**Listed entries**
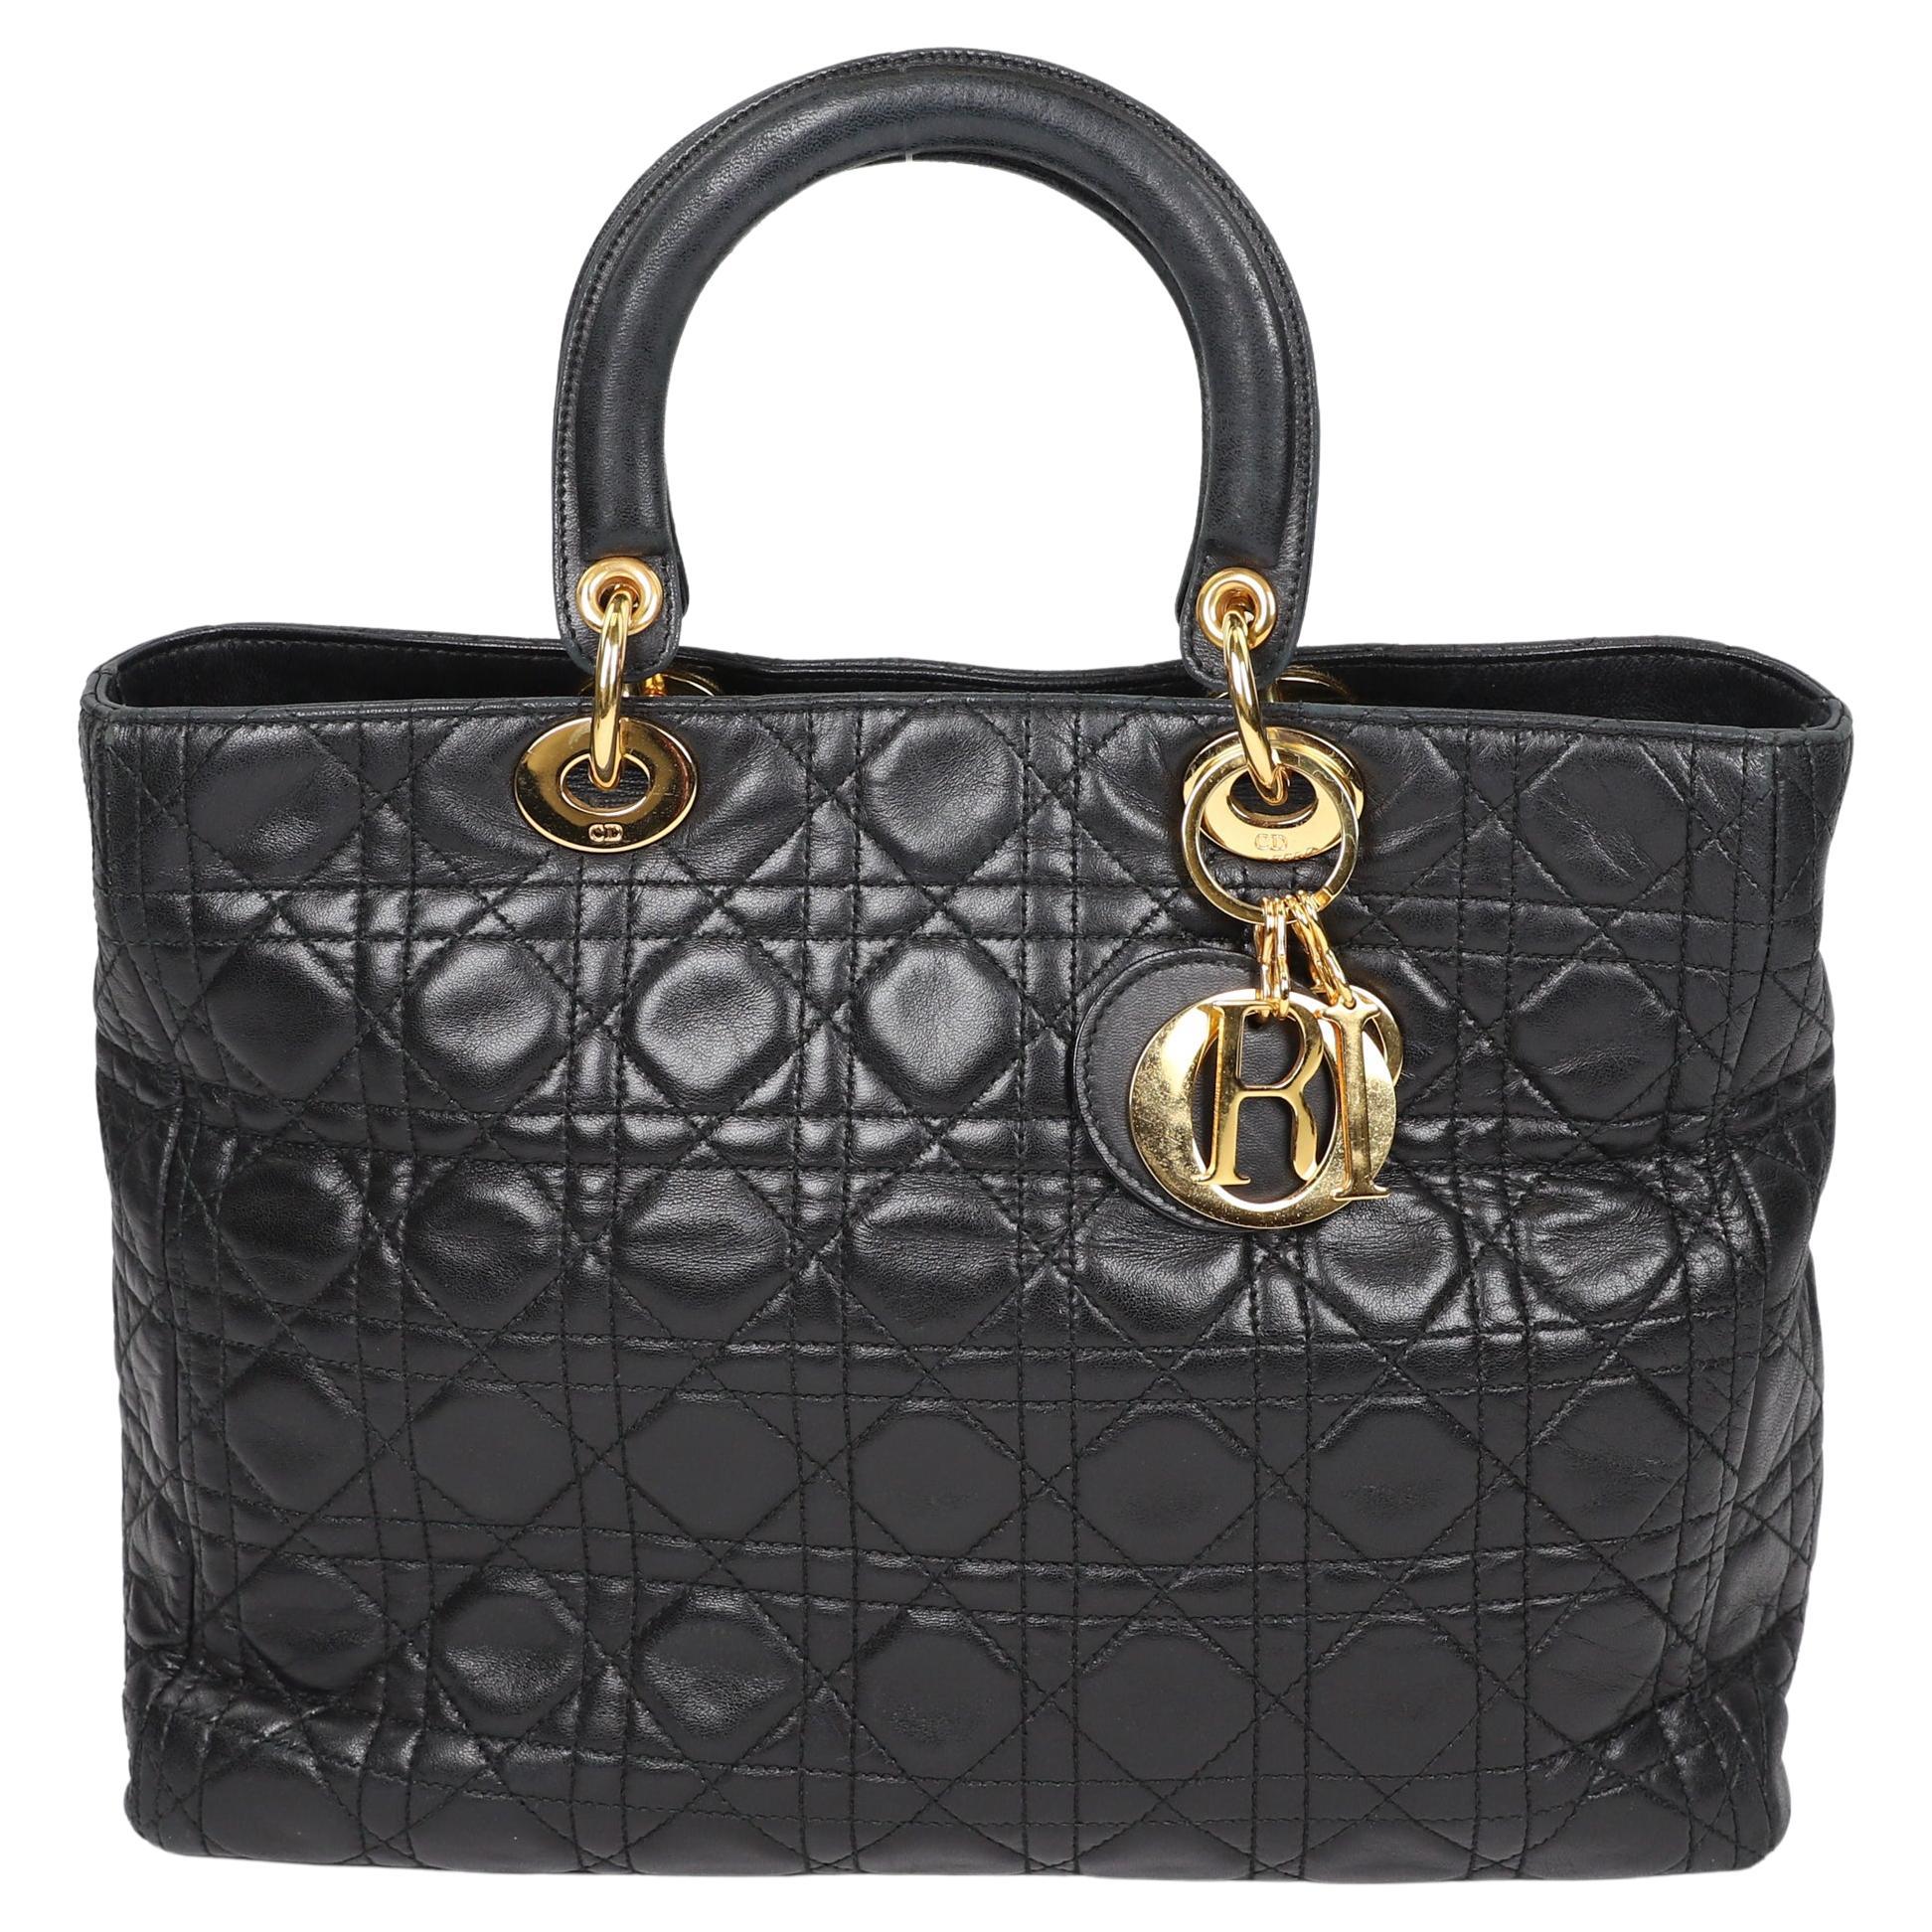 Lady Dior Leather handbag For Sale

--

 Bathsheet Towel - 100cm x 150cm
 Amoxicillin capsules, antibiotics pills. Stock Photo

**Work required**
Copy the stretch of the records above that runs from the line with "Bathsheet Towel - 100cm x 150cm" through the line with "Amoxicillin capsules, antibiotics". Both end lines belong in the copy, and nothing else does.

**Response**
 Bathsheet Towel - 100cm x 150cm
 Amoxicillin capsules, antibiotics pills. Stock Photo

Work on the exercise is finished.